§ **What the task requires**: A word-for-word copy of the listing is what's needed; leave out every image.

§ **Exercise data**:
════════════════════

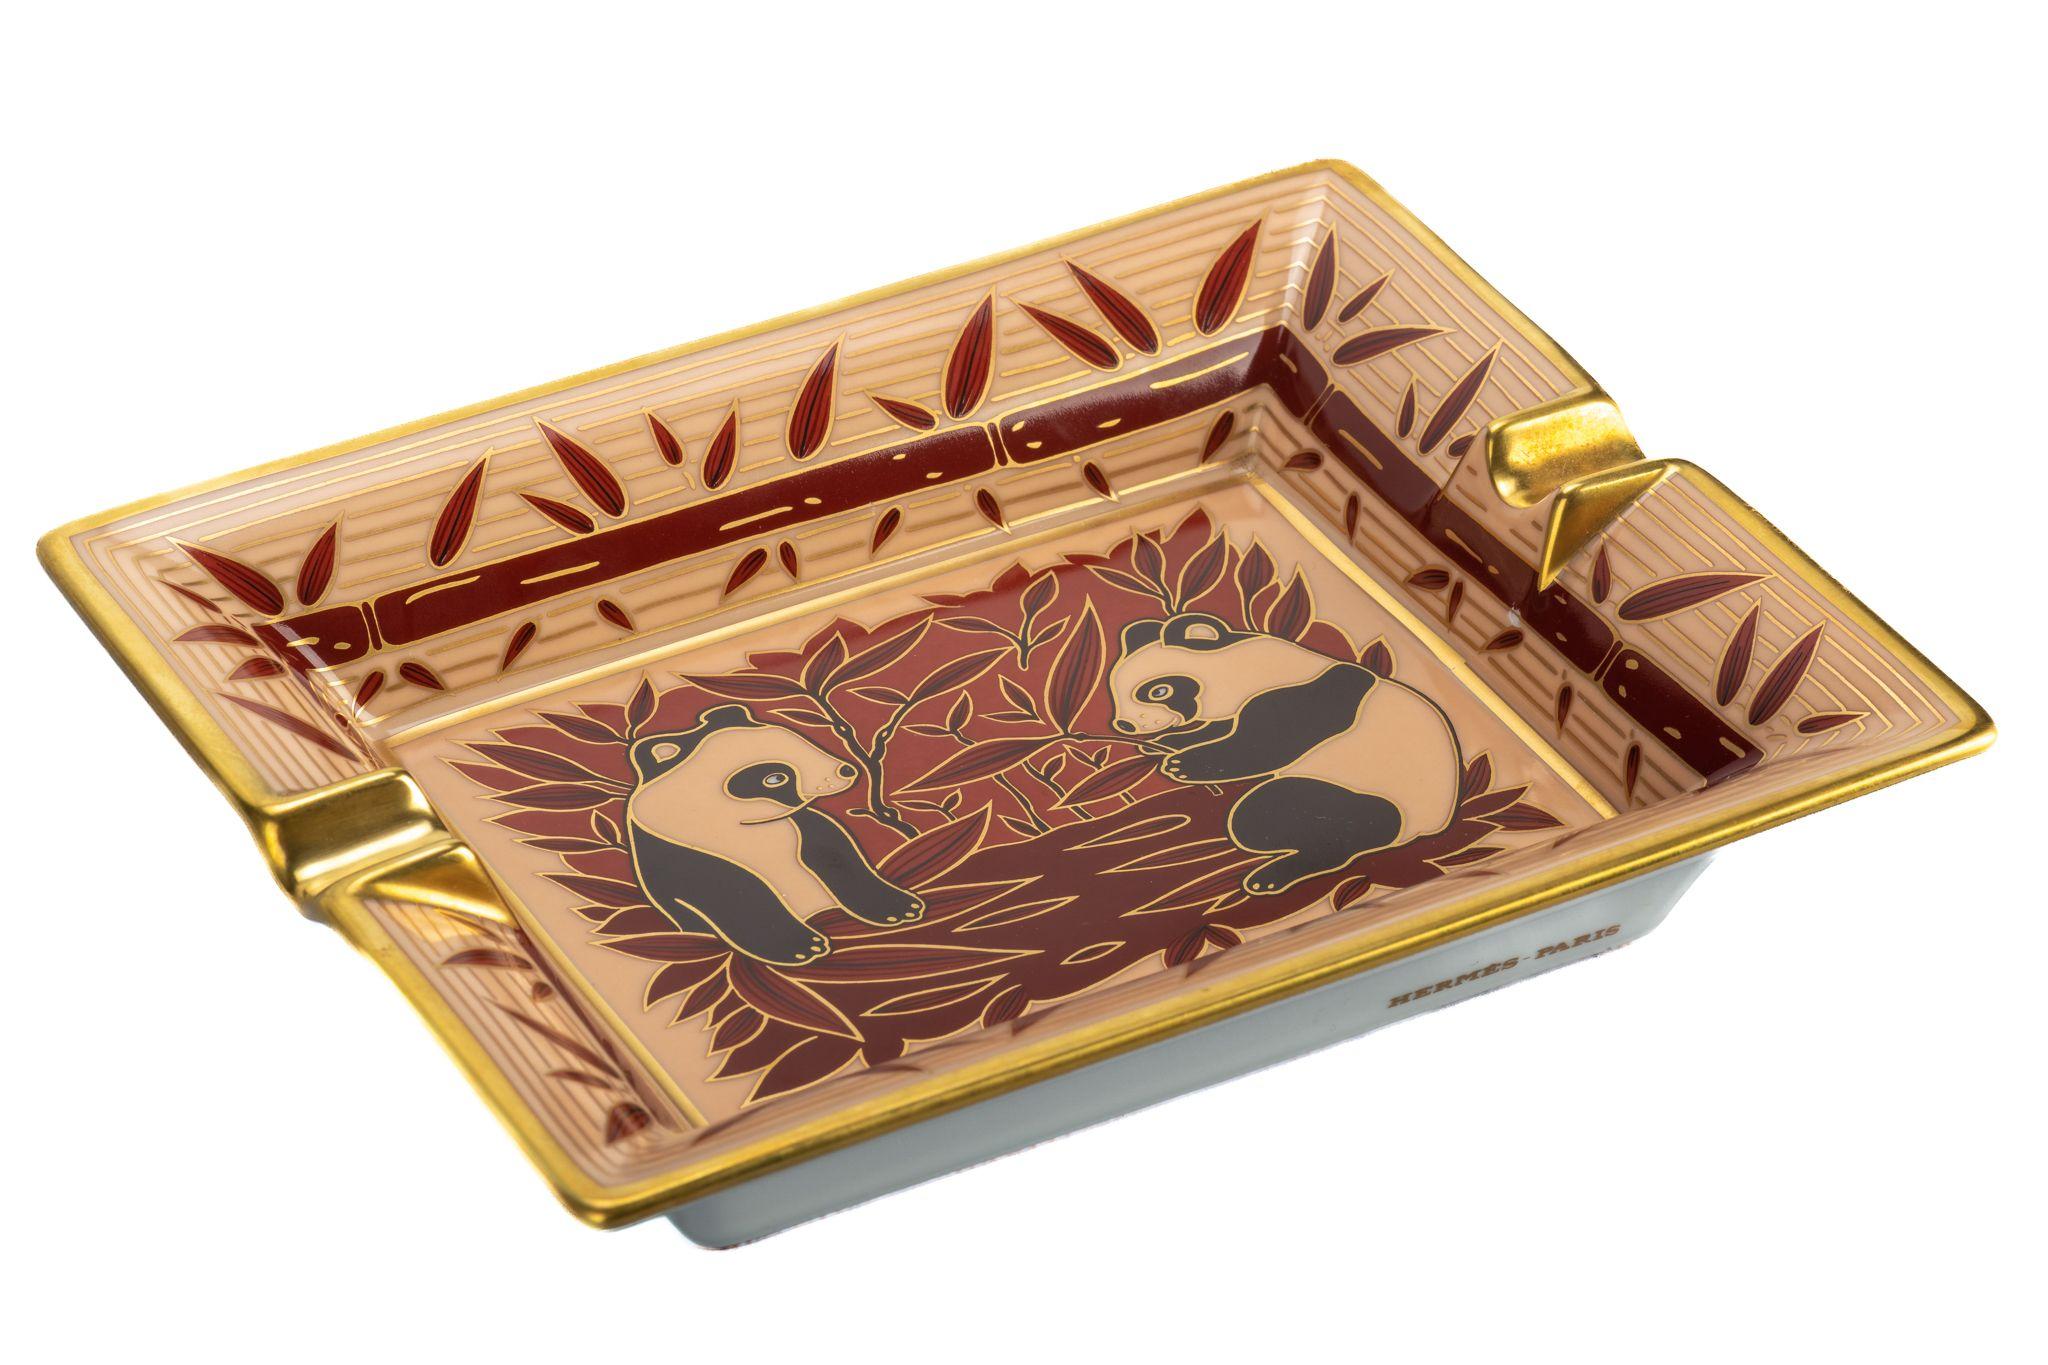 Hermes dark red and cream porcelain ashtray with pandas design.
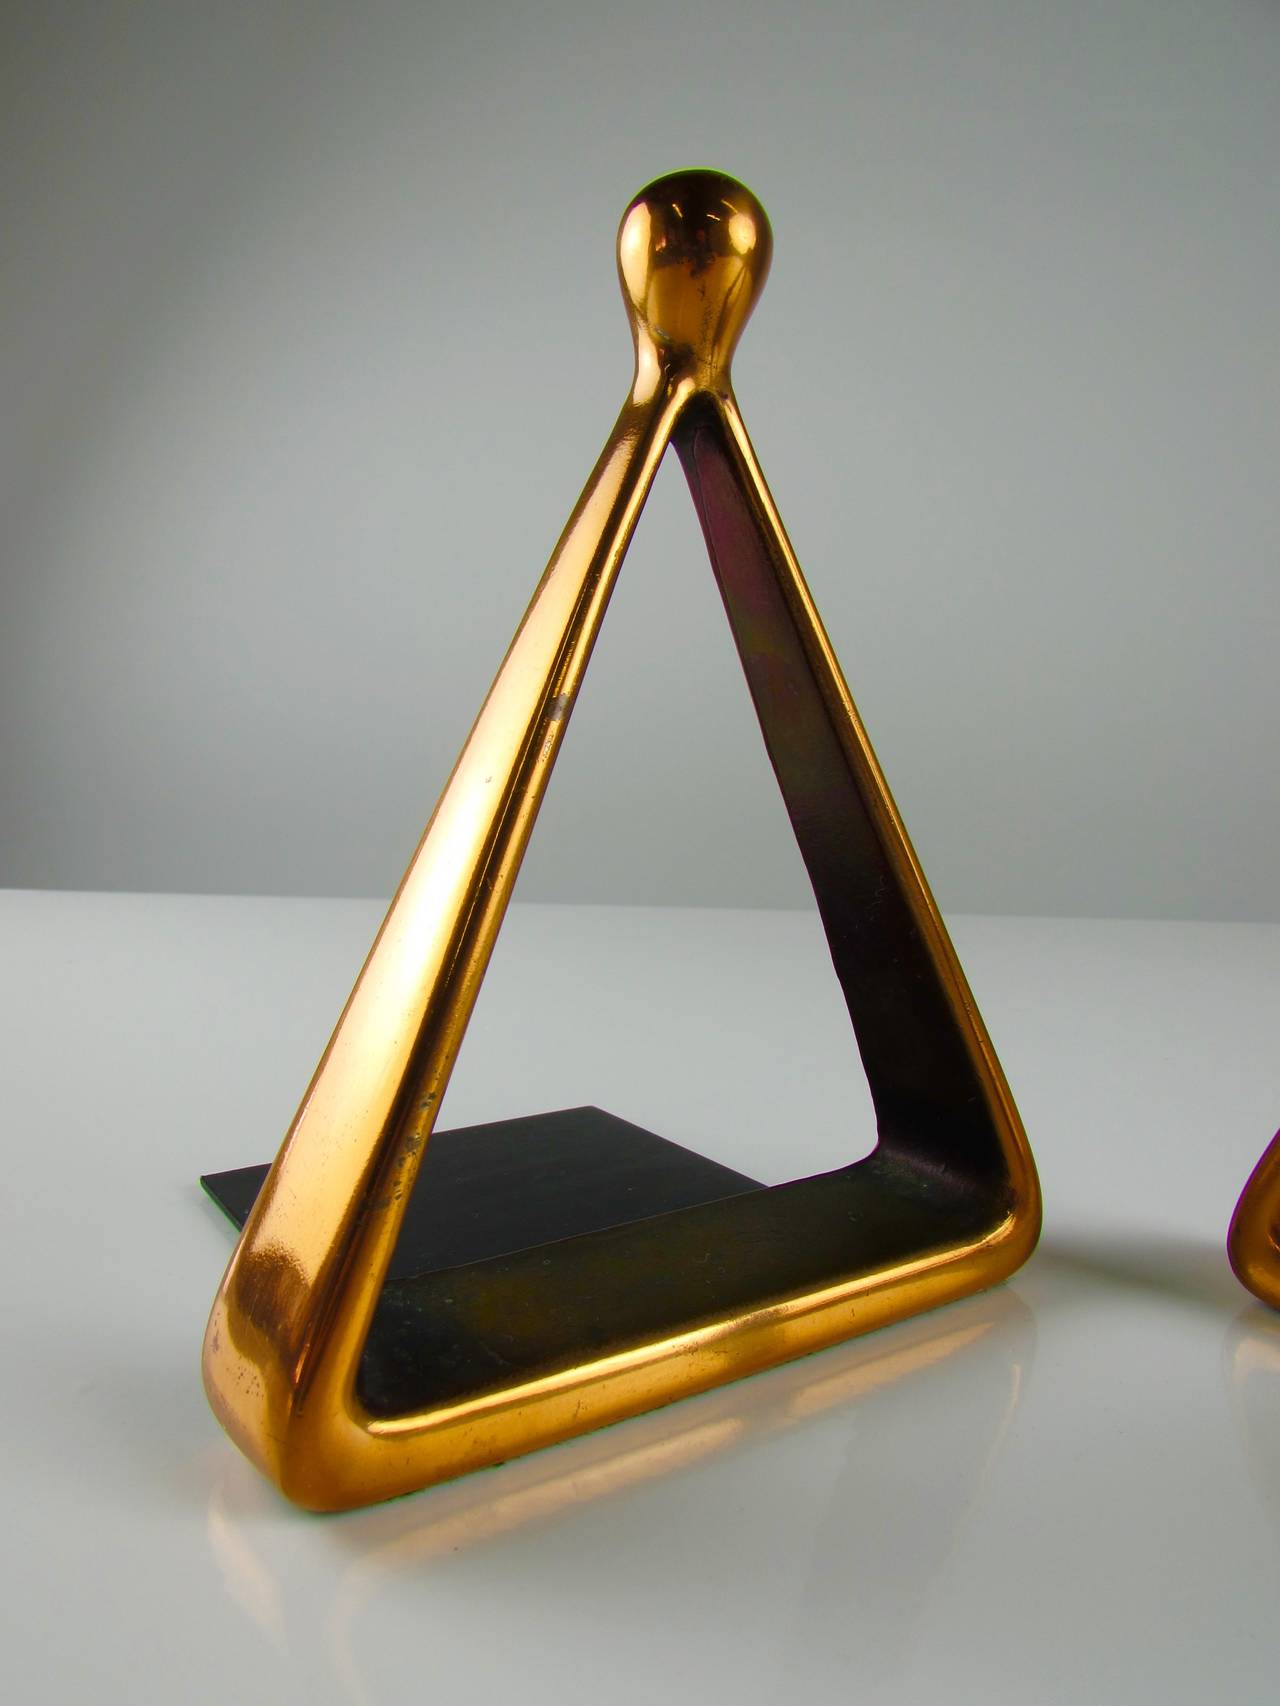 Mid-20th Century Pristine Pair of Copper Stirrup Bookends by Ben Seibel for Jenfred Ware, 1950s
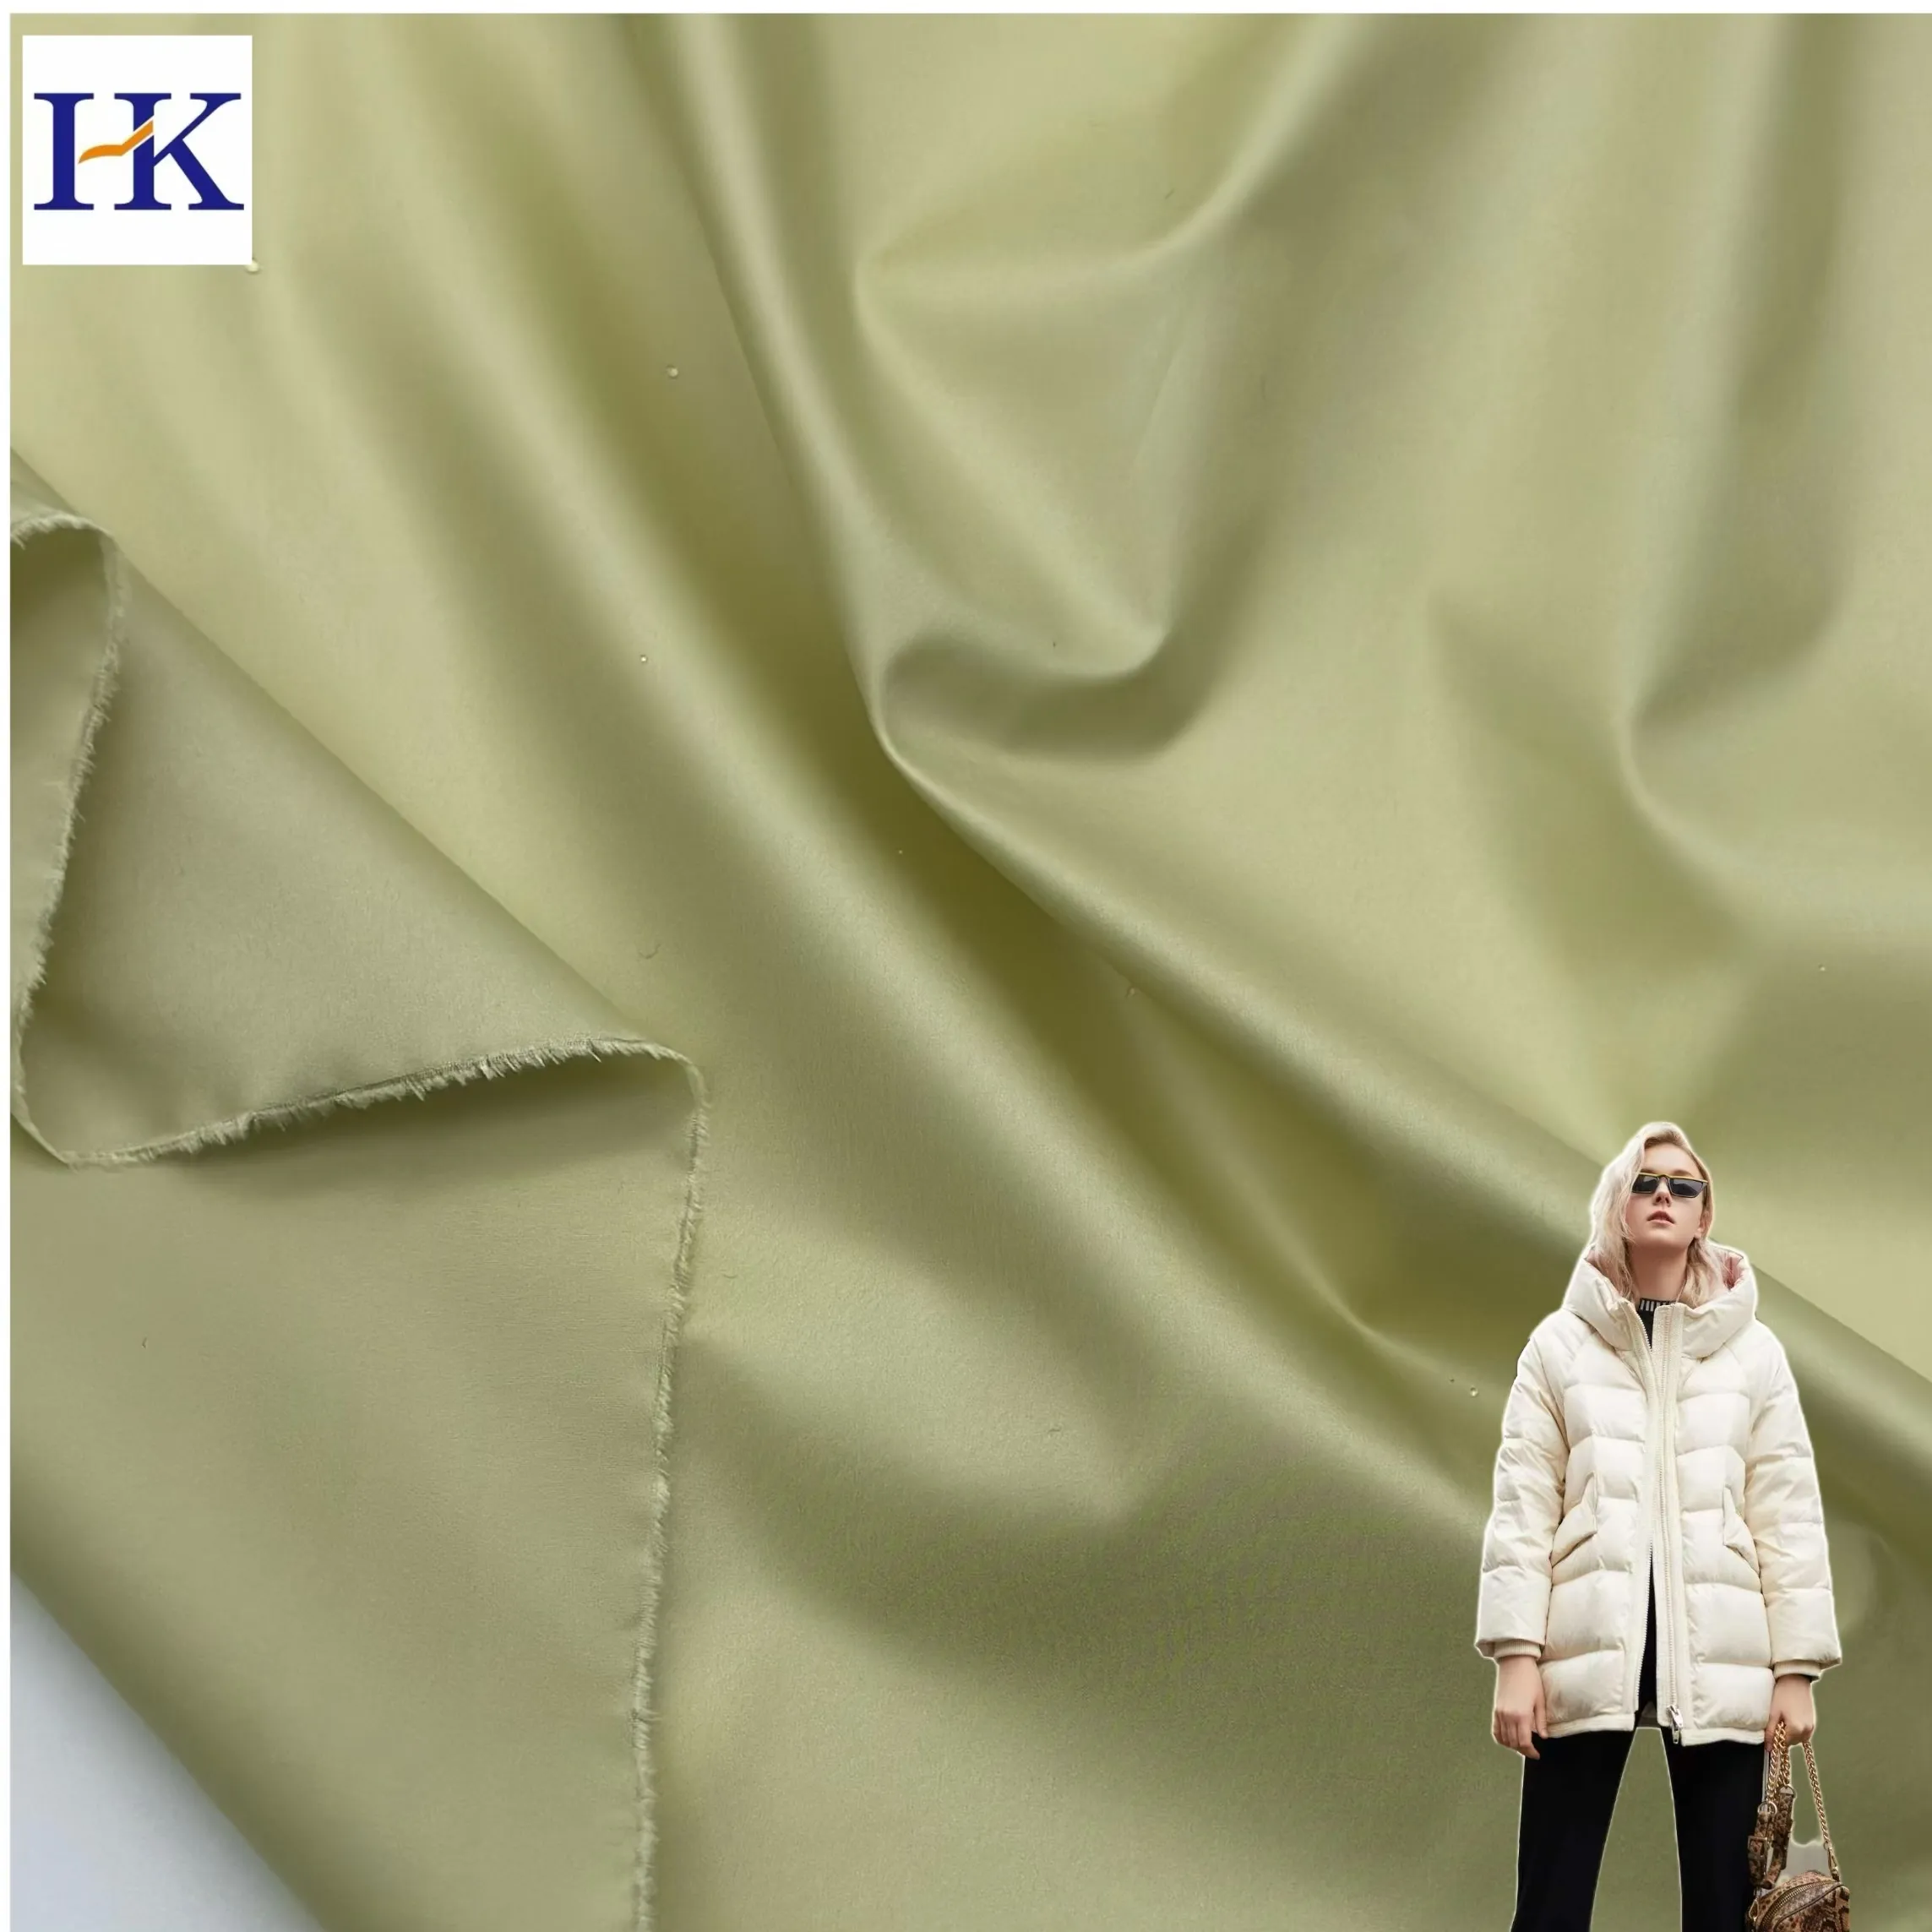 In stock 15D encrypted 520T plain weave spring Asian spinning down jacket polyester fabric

════════════════════

§ **Answer**:
 Hermes dark red and cream porcelain ashtray with pandas design.
 Mid-20th Century Pristine Pair of Copper Stirrup Bookends by Ben Seibel for Jenfred Ware, 1950s
 In stock 15D encrypted 520T plain weave spring Asian spinning down jacket polyester fabric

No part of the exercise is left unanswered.